= PROVIDED MATERIAL =
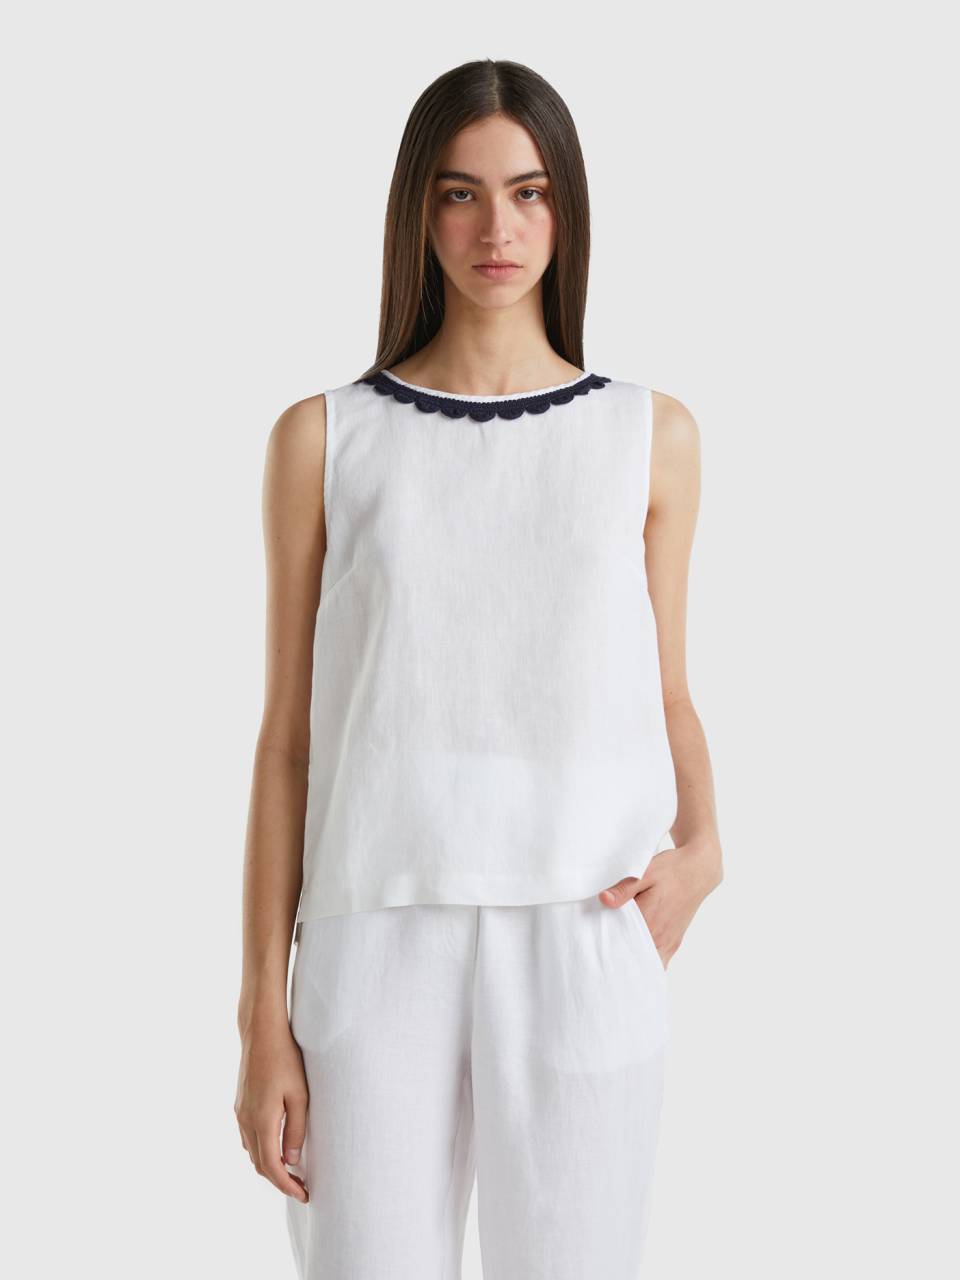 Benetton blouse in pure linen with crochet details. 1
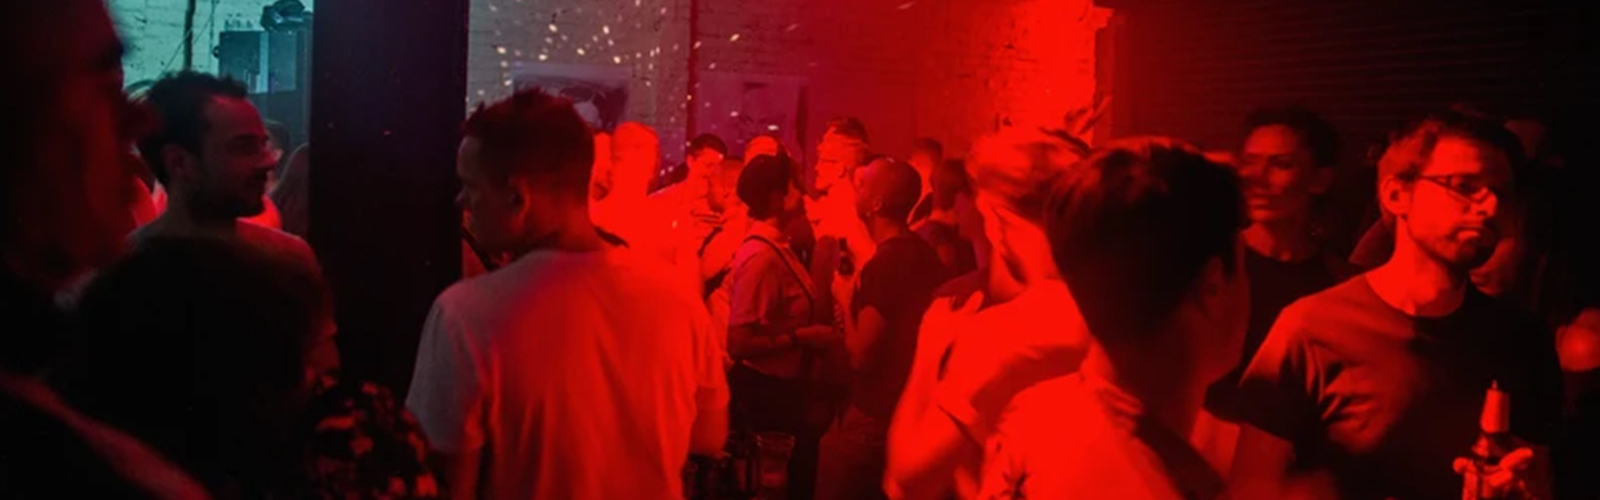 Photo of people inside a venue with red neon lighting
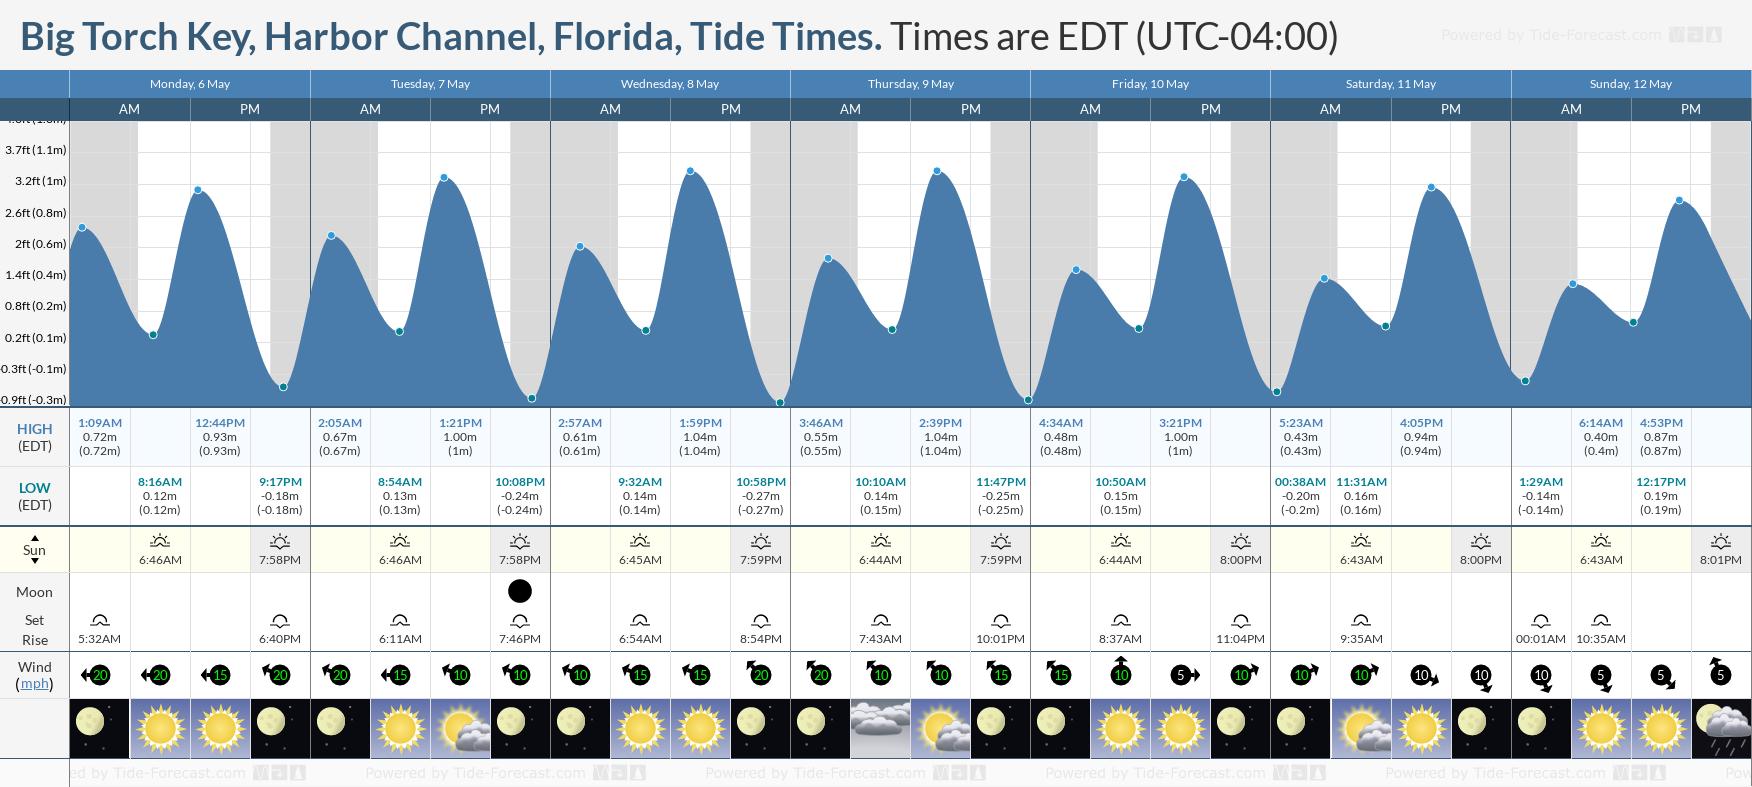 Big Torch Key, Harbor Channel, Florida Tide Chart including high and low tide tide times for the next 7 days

= BRIEF =
Copy the entire listing exactly but skip the pictures.

= RESPONSE TO THIS EXERCISE =
 Benetton blouse in pure linen with crochet details. 1
 Photo of people inside a venue with red neon lighting
 Big Torch Key, Harbor Channel, Florida Tide Chart including high and low tide tide times for the next 7 days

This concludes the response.